Try to perform these stretches at least 3 days a week, and gradually work up to every day. The materials you’ll need would be

  • A yoga mat or an exercise mat (you can do it on your bed or a rug, but make sure it is soft ground)

  • A wall

  • A chair


1. Cobra Stretch.

Lie down flat on your stomach and bend your elbows, place your hands close to your shoulder. Push your upper body away from the mat and open up your chest towards the front. Hold as high as you can and breathe normally. Hold the stretch for 30 seconds to 1 minute.


2. Downward Dog.

Stand on the back of your mat with your meet the width of your yoga mat. Place your hands at the front edge of the mat, so that your body is in a triangle shape. Push your hands firmly on the mat and sink your head between your arms. Try to keep the back of your feet as close as possible to the ground. Hold the stretch for 30 seconds to 1 minute.


3. Wall Calf Stretch.

Stand a distance from a wall, approximately arm's length. Press your hands firmly onto the wall, letting your body be in a diagonal position. Step one foot further to the back and straighten it, while keeping the front leg slightly bent. Keep the back of your feet as close to the ground as possible. Hold in the position, make sure your body is in a straight line, and breathe normally. Hold the stretch for 30 seconds to 1 minute, then repeat with the other leg.


4. Seated Forward Fold.

Sit down on the mat and extend both legs straight out to the front. Reach your fingers towards your toes as far as you can. If you cannot reach your toes, just extend your fingers to wherever you can that you feel stretched. Hold in the position and breathe normally. Hold the stretch for 30 seconds to 1 minute.


5. Side Leg Lifts.

Stand straight up, then lift one leg outwards to the side, at about 45-degree angle, while keeping your toes pointing forward. If you are flexible enough, you can also lift your leg higher. If you cannot balance, hold onto a wall or a chair. Hold in the position, still standing tall, and breathe normally. Hold the stretch for 30 seconds to 1 minute, then repeat with the other leg.


6. Standing Quad Stretch.

Stand straight up, and bend one leg so that the feet is touching your butt. Hold your feet close to your butt, and make sure your leg is stretched straight down and not to the side. If you cannot balance, hold onto a wall or a chair. Hold in the position, still standing tall, and breathe normally. Hold the stretch for 30 seconds to 1 minute, then repeat with the other leg.


7. Superman.

Lie down flat on your stomach. Extend your hands to the front and legs to the back. Slowly lift your hands and legs above the ground. Hold in the position, keep your body flat, and breathe normally. Hold the stretch for 30 seconds to 1 minute.


8. Bridge.

Lie down flat on your back and bend your knees. You can put your hands either on the mat or off the ground. Push your hips upwards. Hold in the position and breathe normally. Hold the stretch for 30 seconds to 1 minute.


9. Standing Forward Fold.

Stand straight up. Bend your upper body down towards your legs. You can open your legs slightly wider so that they do not bend, or you can also bend your legs. Reach your fingers down to your toes. Hold in the position and breathe normally. Hold the stretch for 30 seconds to 1 minute.

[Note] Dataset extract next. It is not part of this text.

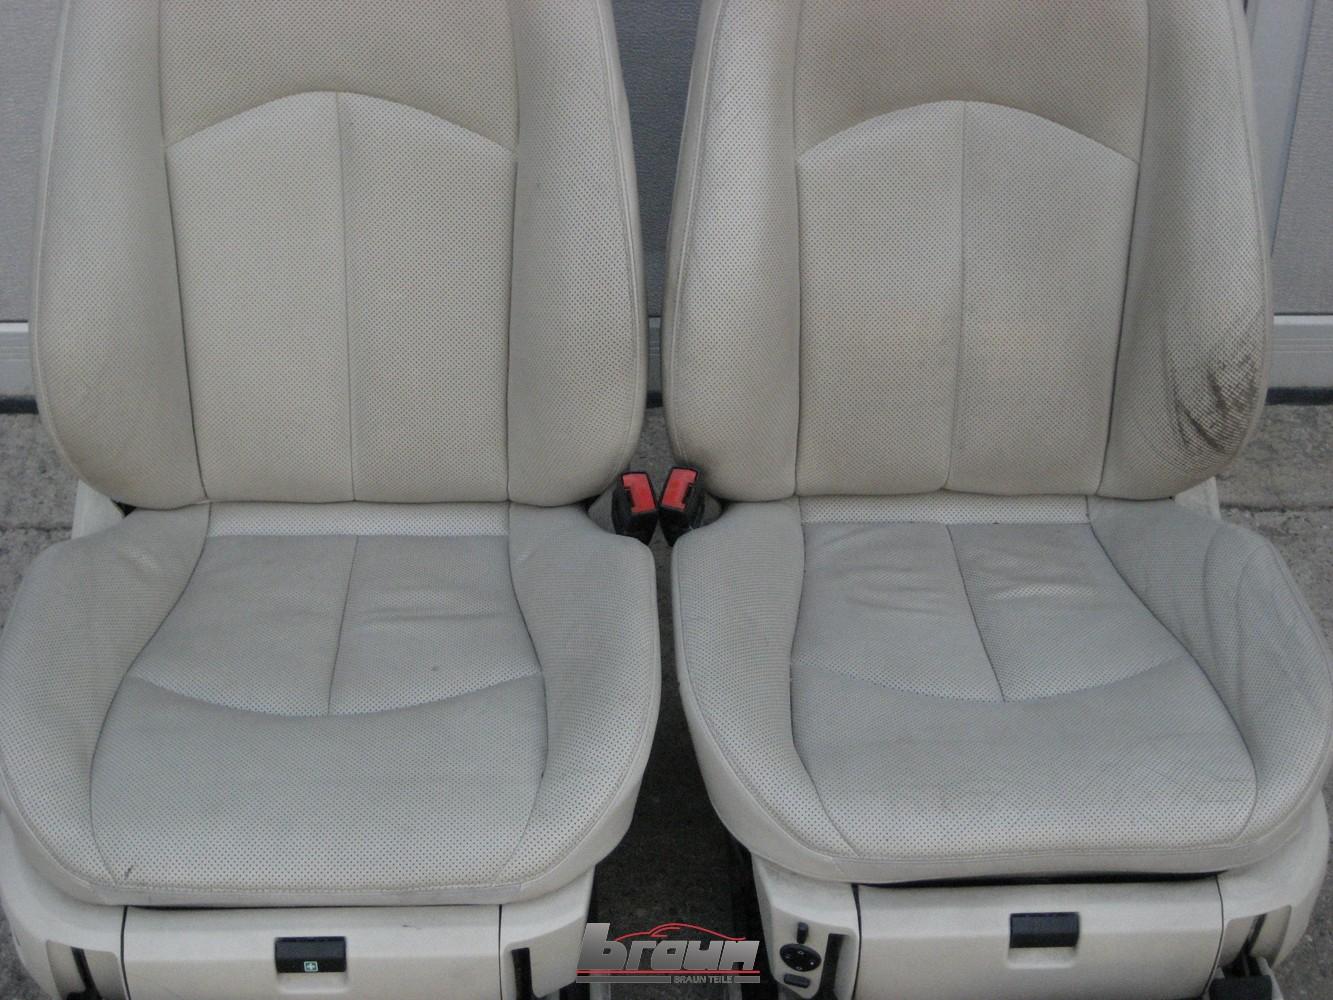 lederausstattung ledersitze kiesel beige mercedes e klasse w211 s211 kombi innenausstattung sitze. Black Bedroom Furniture Sets. Home Design Ideas
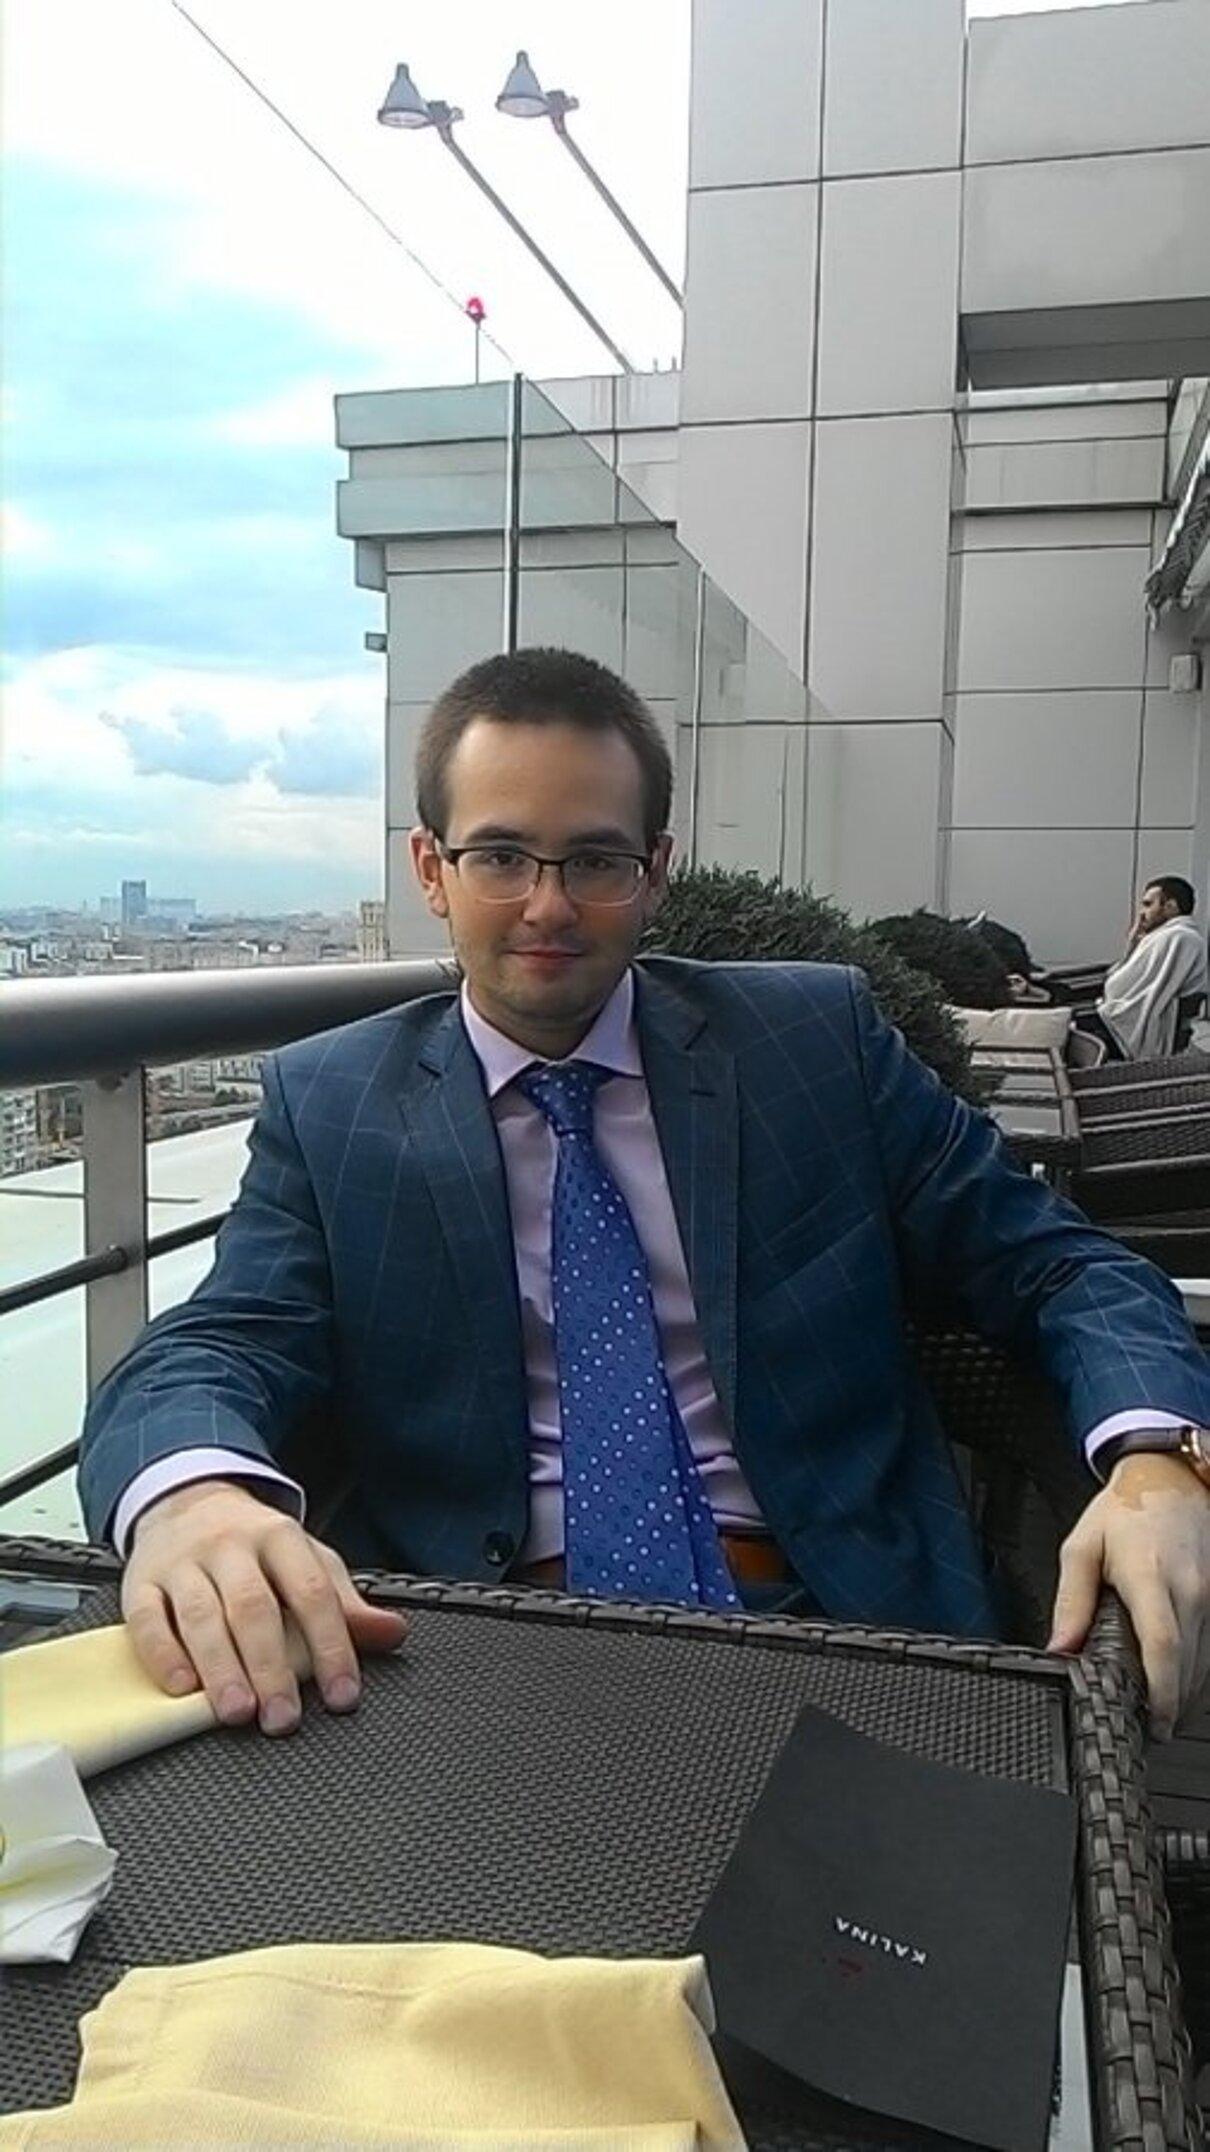 Жалоба-отзыв: Ерохин Александр Владимирович - Сотрудник, который принес убытки компании

10. Lying Full Body Stretch.

Lie down flat on your back. Extend your hands and legs away from your body. Hold in the position, keep your body stretched, and breathe normally. Hold the stretch for 30 seconds to 1 minute.


With these stretches, you will be able to see a difference in your height! But of course, you do need consistency and patience in order to see results, as they cannot expect any increase in height if you only do it for a week, or you expect to see results a few days time. If you want to get those long legs, then it is crucial to be committed and determined with the stretches.